Fitting a Hazard Function to Age
Overview
Often, it is believed that the hazard function should
Fitting to Age
When assuming a constant hazard function, fitting the function is
mathematically fairly simple. The process involves splitting
your data into time intervals, for instance monthly. Then
calculating the number of active accounts every month, labeled
{% N_i %}, and the number
of account closings in that month, labeled {% C_i %}
Then the measured probabily of closure (the hazard rate)
in any period is
{% p_i = C_i / N_i %}
Because we are hypothesizing that the rate is constant and
unaffected by any factors, you can view each account in each period
as a separate independent observation. In that case, the total
number of observations is
{% N = \sum N_i %}
and the number of closures is
{% C = \sum C_i %}
and the calculated probability is
{% \sum C_i / \sum N_i %}
The above calculated probability is for the time interval that
the data set is segmented into. You could set your hazard functon
equation to the calculated value as such:
{% h(t) = \sum C_i / \sum N_i %}
This assumes that time is measured in units given by the segmentation of
your dataset. If the segmented interval represents 1 month, then
{% \Delta t=5 %} represents a change of 5 months. If you wish
to use a different interval as your unit of time, you will need
to appropriately scale your function value.
Data Work
The challenge for implementation is getting the counts needed
for the above calculation. Typically, organizations will capture
monthly data, and assign a status to account for that month. The
following represents a common structure for account records.
{
account_id:'1'
date:'2010-03-31',
status:'OPEN'
},
{
account_id:'1',
date:'2010-04-30',
status:'CLOSED'
}
These two records refer to the same account at different dates.

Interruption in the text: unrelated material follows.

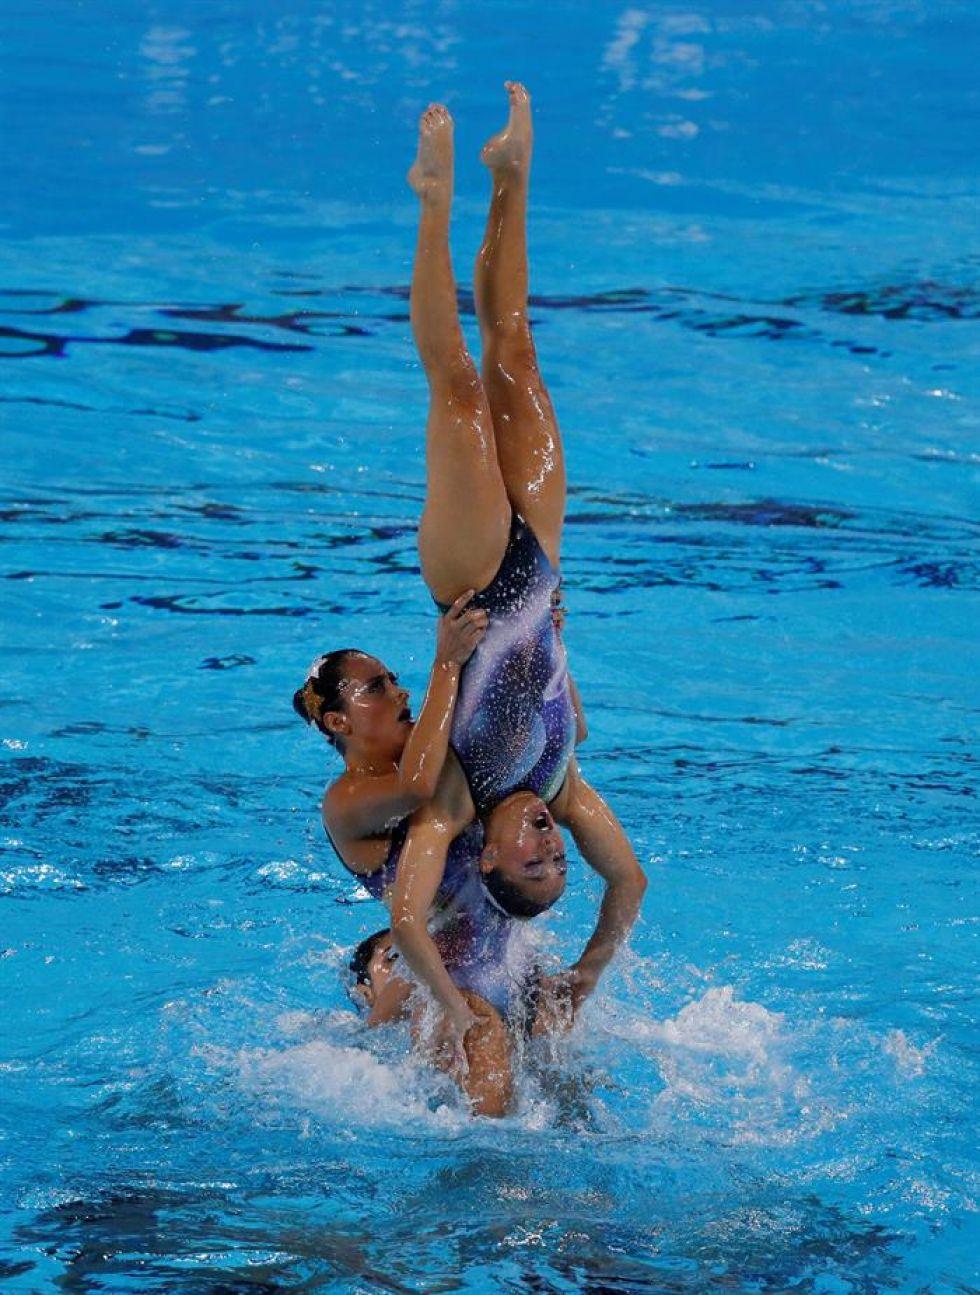 Nadadoras de México compiten en nado sincronizado en los Juegos Panamericanos Lima 2019.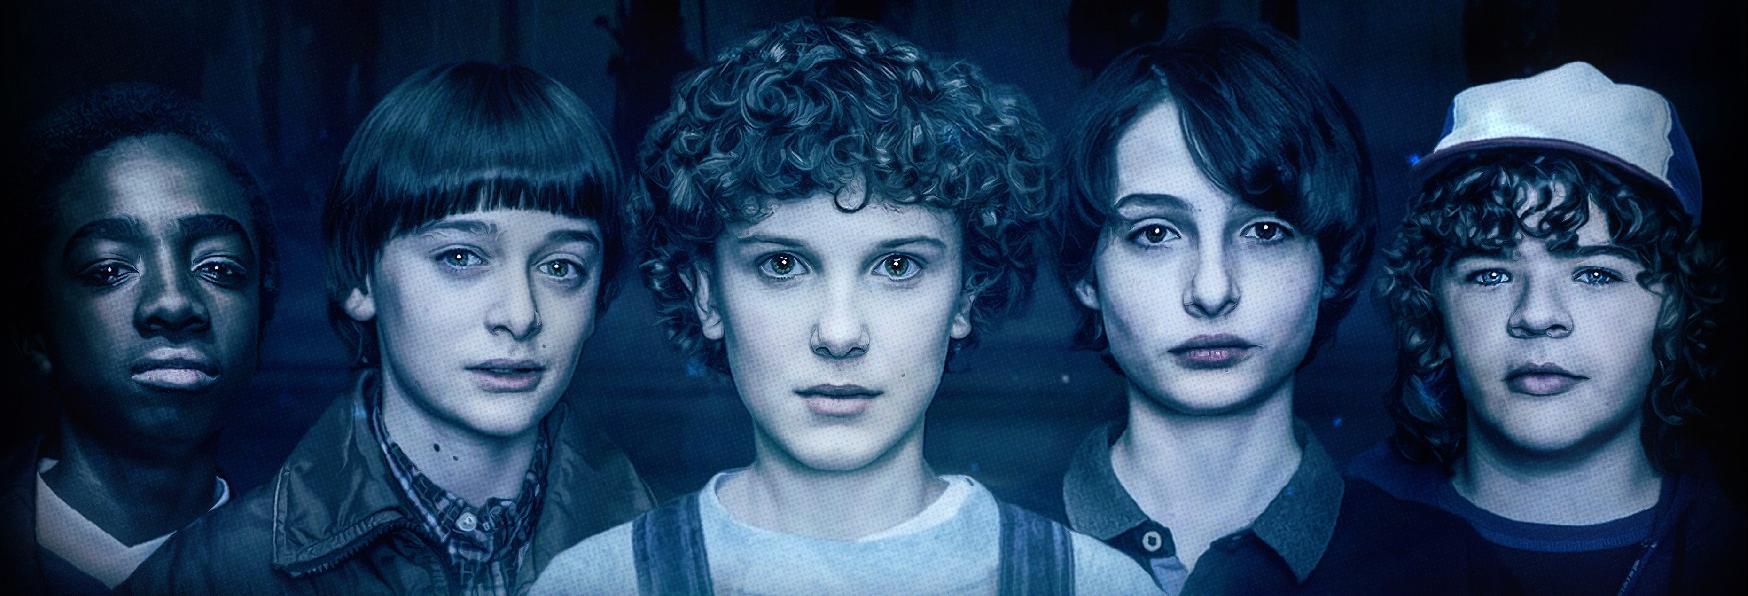 Stranger Things 3 sarà un Colpo al Cuore. Parola di David Harbour!

Data analysts must understand how to measure an account closure.
In this case, given that the accounts are sampled at the end of
each month, it is fair to assume that the account closed in April,
but you would not know this without being able to look at the record
in March.
Grouping the Data
Assuming that the data is loaded into a variable, the first step
is to group the data by date and account number. This
can easily be done using the
group api.
let gp = await import('/lib/utilities/v1.0.0/group.js');
let groups = gp.group(data, p=>[p.date, p.account_id]).toObj();
let dates = Object.keys(groups);
dates.sort();
let total = 0;
let closures = 0;
let lastDate;
for(let date of dates){
if(lastDate != undefined){
for(let id in groups[date]){
let acct = groups[date][id][0];
if(acct.status == 'OPEN') total += 1;
if(acct.status == 'CLOSED' && id in groups[lastDate] && groups[lastDate][id][0].status == 'OPEN'){
closures+=1;
total += 1;
}
}
}
lastDate = date;
}
let prob = closures / total;
Try it!
In this code, we groupd by date and then account number. Then we
iterate through the dates, skipping the first date. We do this because
we need a prior date in order to determine if an account with status
CLOSED was open in the prior month. (This isnt necessary if close
accounts drop out of your dataset after the month they are closed, however,
most companies keep a record of account.)
For each account that was open for the given date, or if its closed but
open in the prior period, we update the total accounts for that period
by 1. Then for any account that is closed in the given period but
open in the prior period, we update the number of closures by one.